Running LoRA Inference on Together

The Together API now supports LoRA inference on select base models, allowing you to either:

Do LoRA fine-tuning on the many available models through Together AI, then run inference right away
Bring Your Own Adapters: If you have custom LoRA adapters, that you’ve trained or obtained from HuggingFace, you can upload them and run inference

You can follow the instructions provided in the Fine-Tuning Overview to get started with LoRA Fine-tuning. Otherwise, follow the instructions below. Adapters trained previous to 12/17 will not be available for LoRA serverless at the moment. We will be migrating your previous adapters to work with LoRA Serverless. A workaround is to download the adapter and re-upload it using Option 2 below.

Supported Base Models

Currently, LoRA inference is supported for adapters based on the following base models in Together API. Whether using pre-fine-tuned models or bringing your own adapters, these are the only compatible models:

Organization	Base Model Name	Base Model String	Quantization
Meta	Llama 3.1 8B Instruct	meta-llama/Meta-Llama-3.1-8B-Instruct-Reference	BF16
Meta	Llama 3.1 70B Instruct	meta-llama/Meta-Llama-3.1-70B-Instruct-Reference	BF16
Alibaba	Qwen2.5 14B Instruct	Qwen/Qwen2.5-14B-Instruct*	FP8
Alibaba	Qwen2.5 72B Instruct	Qwen/Qwen2.5-72B-Instruct	FP8

Option 1: Fine-tune your LoRA model and run inference on it on Together

The Together API supports both LoRA and full fine-tuning. For serverless LoRA inference, follow these steps: Step 1: Fine-Tune with LoRA on Together API: To start a Fine-tuning job with LoRA, follow the detailed instructions in the Fine-Tuning Overview, or follow the below snippets as a quick start:

together files upload "your-datafile.jsonl"

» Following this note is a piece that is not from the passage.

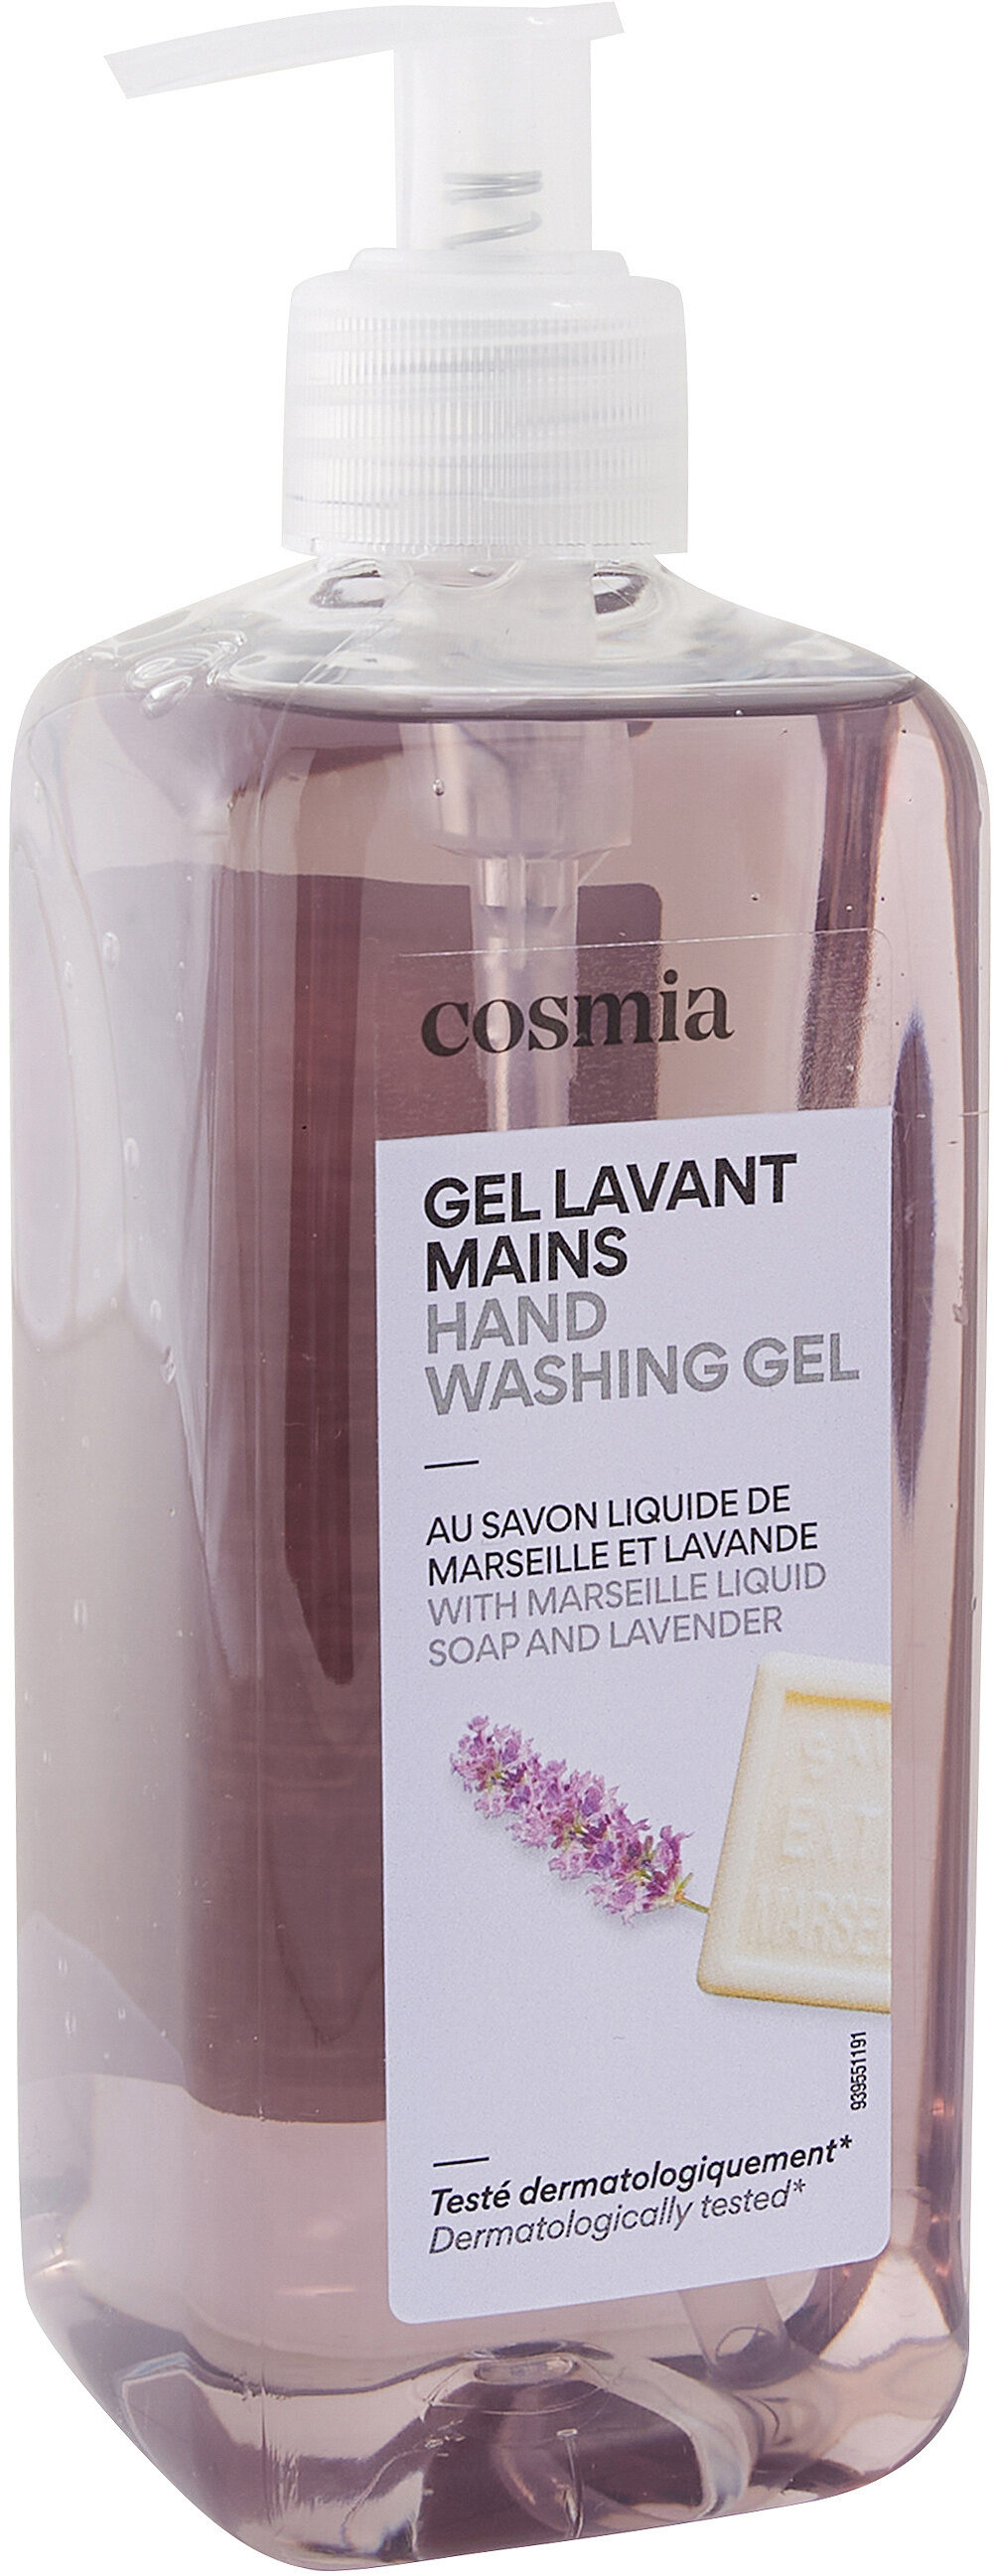 Cosmia savon main marseille et lavande 500 ml - Product - fr

together fine-tuning create \
  --training-file "file-629e58b4-ff73-438c-b2cc-f69542b27980" \
  --model "meta-llama/Meta-Llama-3.1-8B-Instruct-Reference" \
  --lora

If you plan to use a validation set, make sure to set the --validation-file and --n-evals (the number of evaluations over the entire job) parameters. --n-evals needs to be set as a number above 0 in order for your validation set to be used. Step 2: Run LoRA Inference: Once you submit the fine-tuning job you should be able to see the model name in the response:

{
  "id": "ft-44129430-ac08-4136-9774-aed81e0164a4",
  "training_file": "file-629e58b4-ff73-438c-b2cc-f69542b27980",
  "validation_file": "",
  "model": "meta-llama/Meta-Llama-3.1-8B-Instruct-Reference",
  "output_name": "zainhas/Meta-Llama-3.1-8B-Instruct-Reference-my-demo-finetune-4224205a",
  ...
}

You can also see the status of the job and get the model name if you navigate to your fine-tuned model in the ‘Model’ or ‘Jobs’ tab in the Together dashboard. You’ll see a model string – use it through the Together API.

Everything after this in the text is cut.